Spostatosi a Milano, Piero Umiliani ha l’opportunità di mettersi in evidenza come brillante ed elegante pianista nell’ambito della scena jazz locale. Incide diversi dischi col Quintetto Basso-Valdambrini, Gil Cuppini, Roberto Nicolosi, Attilo Donadio e altri. Ritornato a Firenze intraprende gli studi presso il Conservatorio Cherubini, dove si diploma in contrappunto e fuga

Nel 1957 incide alcune composizione per l’etichetta RCA con un ottetto formato dai migliori musicisti della scena jazz milanese. Poco dopo viene chiamato a Roma da Armando Trovajoli per ricoprire il ruolo di arrangiatore di partiture musicali

Nella Capitale ha inizio per il pianista fiorentino, col documentario dei fratelli Taviani Pittori in Città, la sua lunga produzione di musica per il cinema, con più di 150 colonne sonore composte e realizzate nell’arco di una carriera decennale.
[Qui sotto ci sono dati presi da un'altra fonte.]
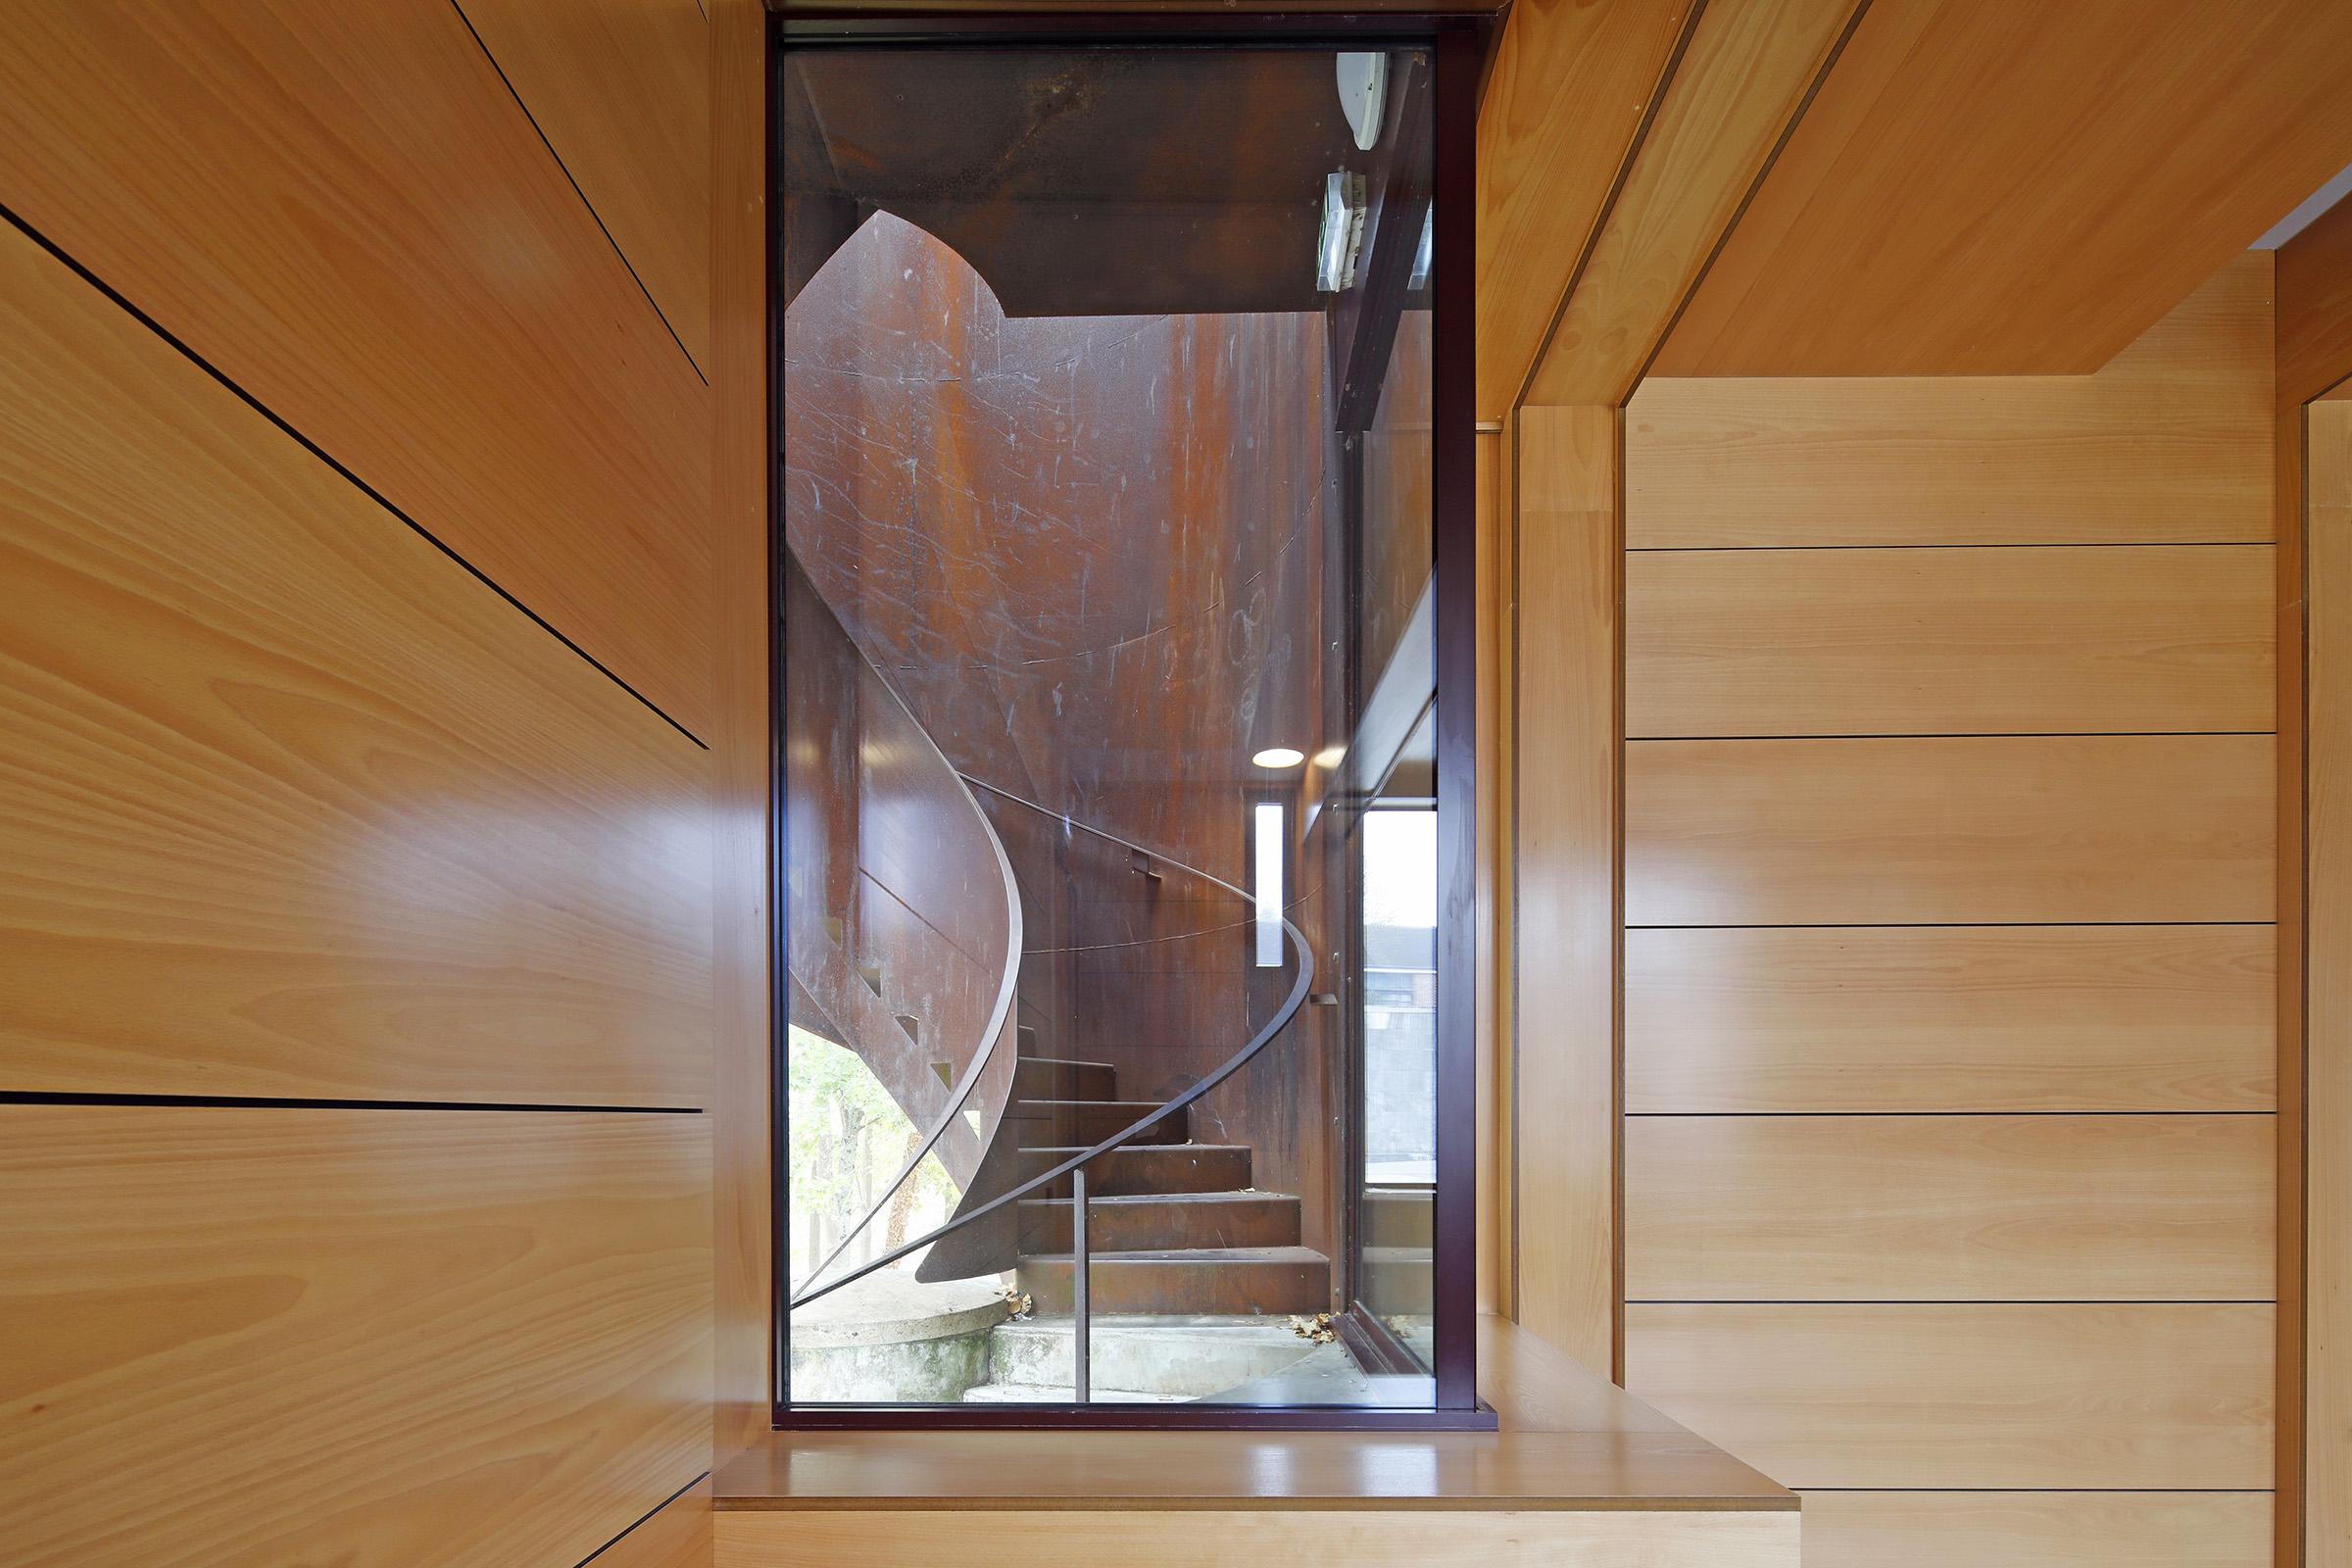 Amilly - La Maison Saint Loup - Interieur - Sylvain Dubuisson 050.jpg

La prima è quella composta per il film I soliti ignoti (1958), diretto dal regista Mario Monicelli

Alla fine degli anni Sessanta compone il tema musicale “Mah nah mah nah”, per il film Svezia, inferno, paradiso (1968), diretto da Luigi Scattini. Grazie al rifacimento del cantante francese Gabriel Salvador e all’utilizzo in famose trasmissioni televisive, come lo spettacolo di varietà statunitense Muppet Show, il brano diviene un successo mondiale

A marzo dello stesso anno incide il brano Sequenze ritmiche inserito nell’album 40 anni di jazz in Italia, curato da Adriano Mazzoletti

Nel 1969 Piero Umiliani, insieme alla moglie, apre nel quartiere Trionfale di Roma il Sound Work Shop. Nello studio di registrazione realizza colonne sonore e dischi di “sonorizzazione” a cavallo tra jazz, psichedelia, pop ed elettronica, avvalendosi di prestigiosi musicisti della scena jazz italiana

Nel 1974 incide un disco per la serie discografica “Jazz a Confronto” licenziata dall’etichetta Horo, con arrangiamenti originali di composizioni di Duke Ellington eseguite dall’orchestra della Rai

Dopo esser stato colpito da ictus, il compositore fiorentino torna all’attività musicale incidendo nel 1991 il disco Umiliani Jazz Family, con la figlia cantante, Alessandra, il trombettista Paolo Fresu, il contrabbassista Giovanni Tommaso e il batterista Giampaolo Ascolese

Discografia essenziale: I soliti ignoti (1958 – RCA Italiana), 40 anni di Jazz in Italia (1963 – Ricordi), Jazz dall’Italia n° 1 & 2: Piccola Jam (1967 – Omicron), Jazz a Confronto 35 (1977 – Horo Records), Umiliani Jazz family (1991 – Liuto Edizioni Musicali), Studio Umiliani (2017 – Four Flies Records)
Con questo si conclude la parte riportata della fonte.